Several individuals familiar with the area whom we spoke with said the secluded site was previously home to Soviet-era barns, describing the terrain as largely unfit for development. They also noted the existence of the nearby limestone quarry, wondering if the site was primarily chosen because of the immediate availability of the key building material. A former member of Nagorno-Karabakh’s military, speaking on condition of anonymity, told us that the sounds that Armenian residents of Khramort had been hearing may have been the quarry’s nonstop stone-cutting operations.

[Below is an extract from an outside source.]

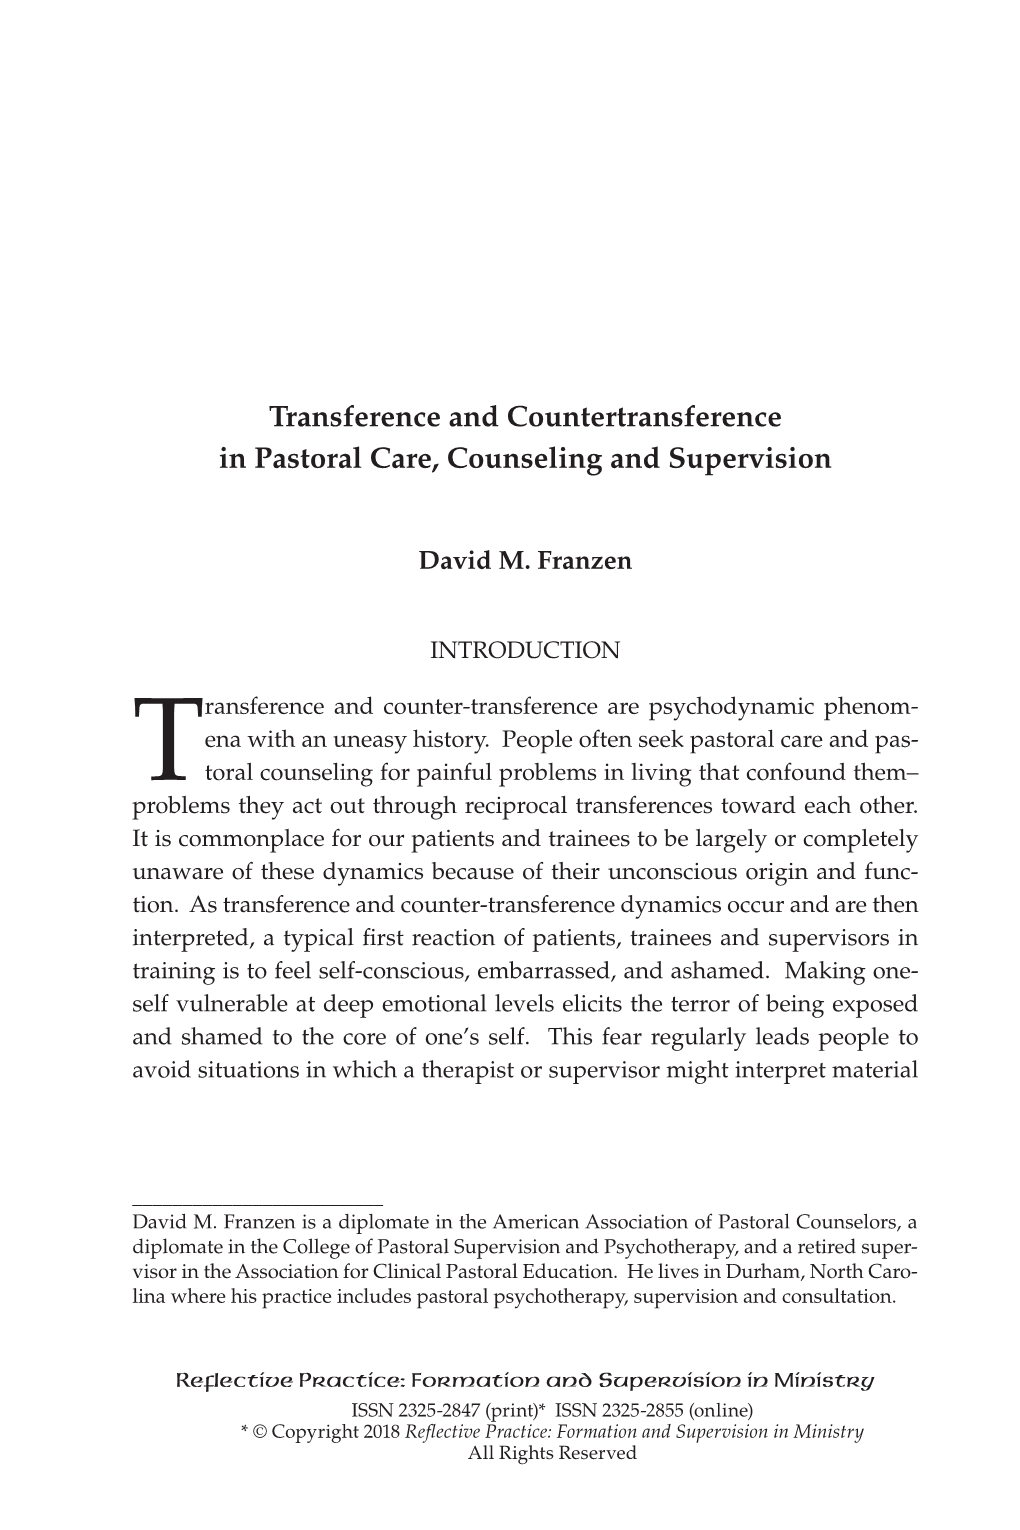 Transference and Countertransference in Pastoral Care, Counseling and Supervision

The absence of any mention of the structure is conspicuous in Azerbaijani media outlets and on the president’s website, platforms that otherwise extensively highlight every new construction project in the Aghdam region. It is also notably missing from any publicized plans. The only references on Azerbaijani websites to the Armenian fear of a massive prison, as several Azerbaijani researchers confirmed to New Lines, are stories that cite Armenian news reports.

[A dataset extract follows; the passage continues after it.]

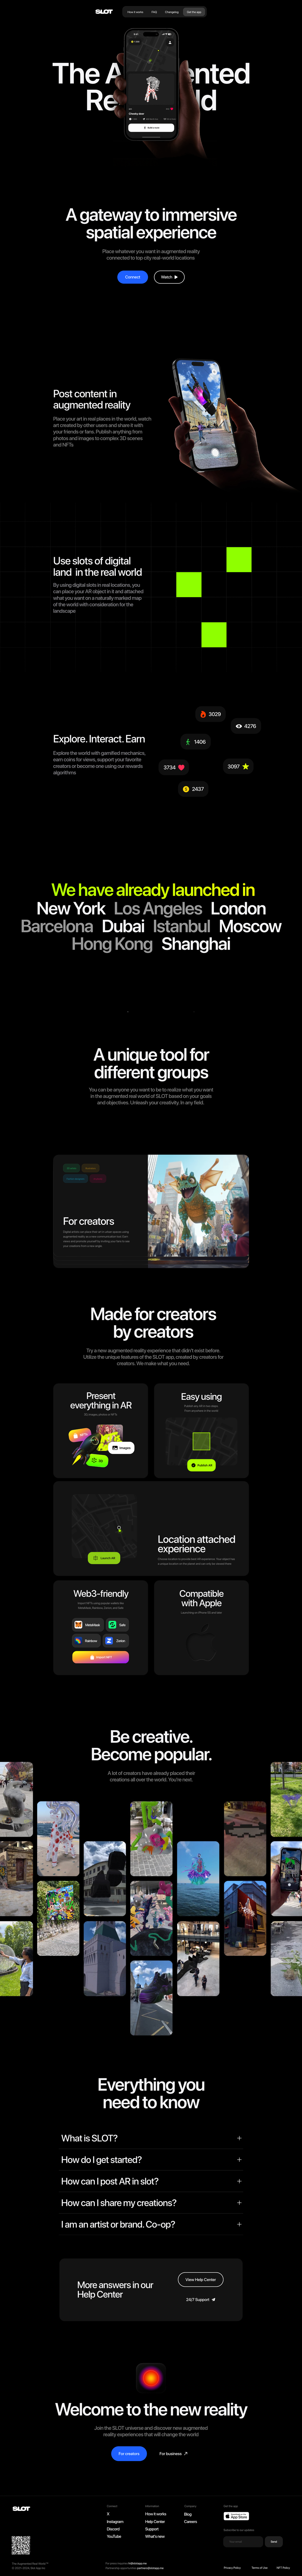 SLOT Landing Page Example: A new augmented reality social app. Place whatever you want in augmented reality connected to real-world locations. We provide a gateway immersive spatial experience tool for digital creators, investors, and explorers.

A map produced by the “Karabakh Revival Fund,” founded by Aliyev in January 2021, ostensibly to improve living conditions in territories newly under Baku’s control, shows no development plans for the area of the identified site — except for a planned forest between it and the rest of the region — underscoring the secretive nature of the project.

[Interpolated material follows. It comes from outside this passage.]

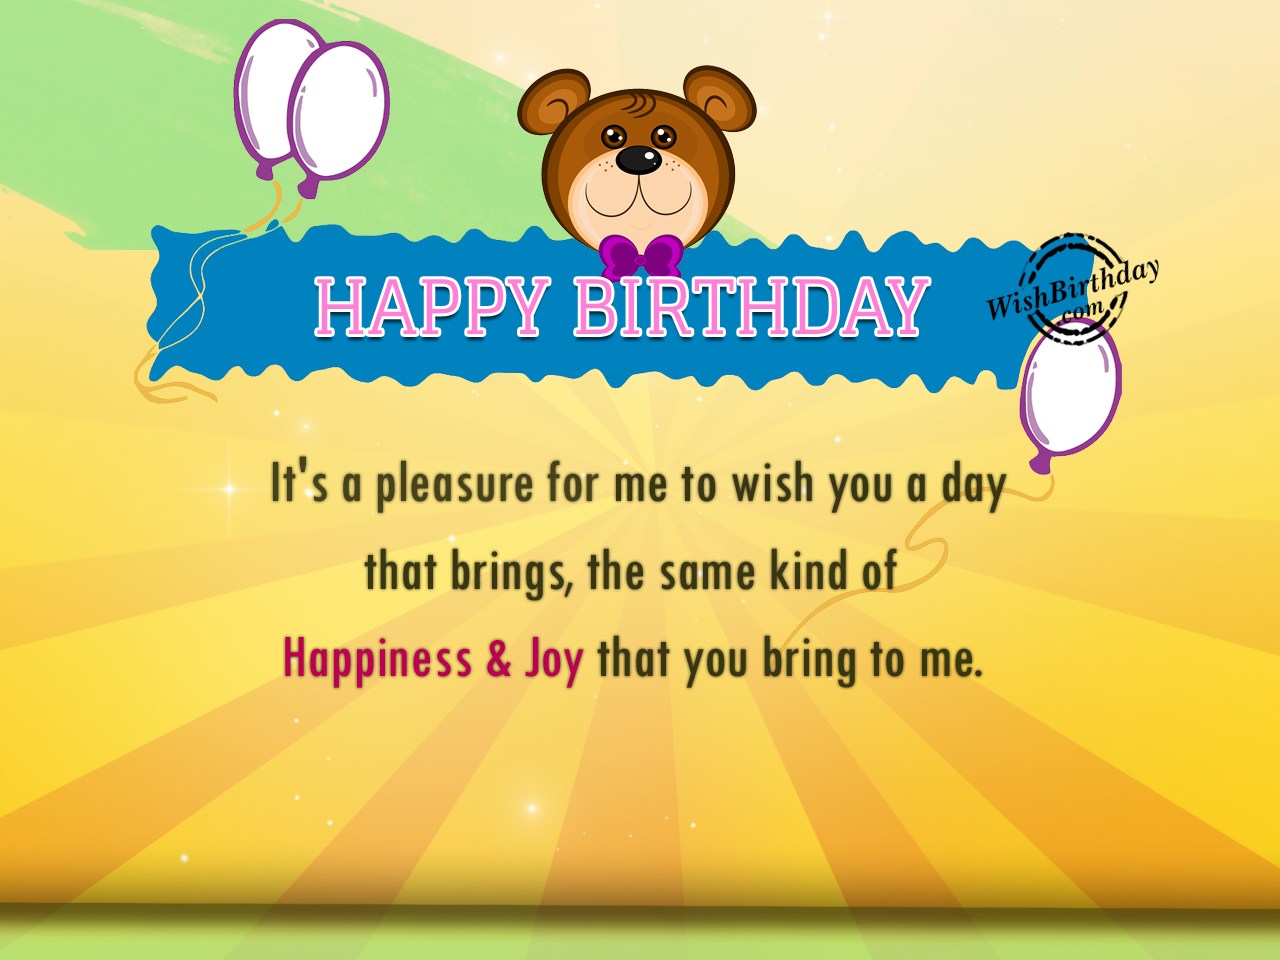 It’s A Pleasure For Me to Wish You This Day - Birthday Wishes, Happy ...

Once under Azerbaijan’s control, the archaeological site of Tigranakert was declared “over,” as Hikmet Hajiyev, who serves as assistant to the office of Aliyev, posted on X (formerly Twitter). Armenian archaeologists say the site was fortified over 2,000 years ago by the country’s most powerful king — a history that Prime Minister Pashinyan instrumentalized in early 2020, telling the Munich Security Conference: “When Armenian King Tigran the Great was negotiating with Roman general Pompeius, there was no country named Azerbaijan.” If the nearby Aghdam facility is indeed the rumored “concentration camp,” its close proximity to Shahbulaq and Tigranakert is symbolic of Azerbaijani claims to domination over Armenia. Such a weaponization of heritage bears a psychological resemblance to other instances of the regime’s approach to the conflict, including what Radio Free Europe/Radio Liberty has described as a theme park of ethnic hatred in the capital Baku, erected soon after the 2020 war, which publicly celebrates victory over a caricatured, hook-nosed enemy.
For the ethnic Armenians who once called Nagorno-Karabakh home, these tactics mattered, and fears of imprisonment were one of the factors spurring them toward evacuation. As Beglaryan, the region’s former ombudsman, said: The enclave’s indigenous population fled “for the sake of safety and dignity.”
This investigation was supported in part by an Armenian General Benevolent Union (AGBU) research grant.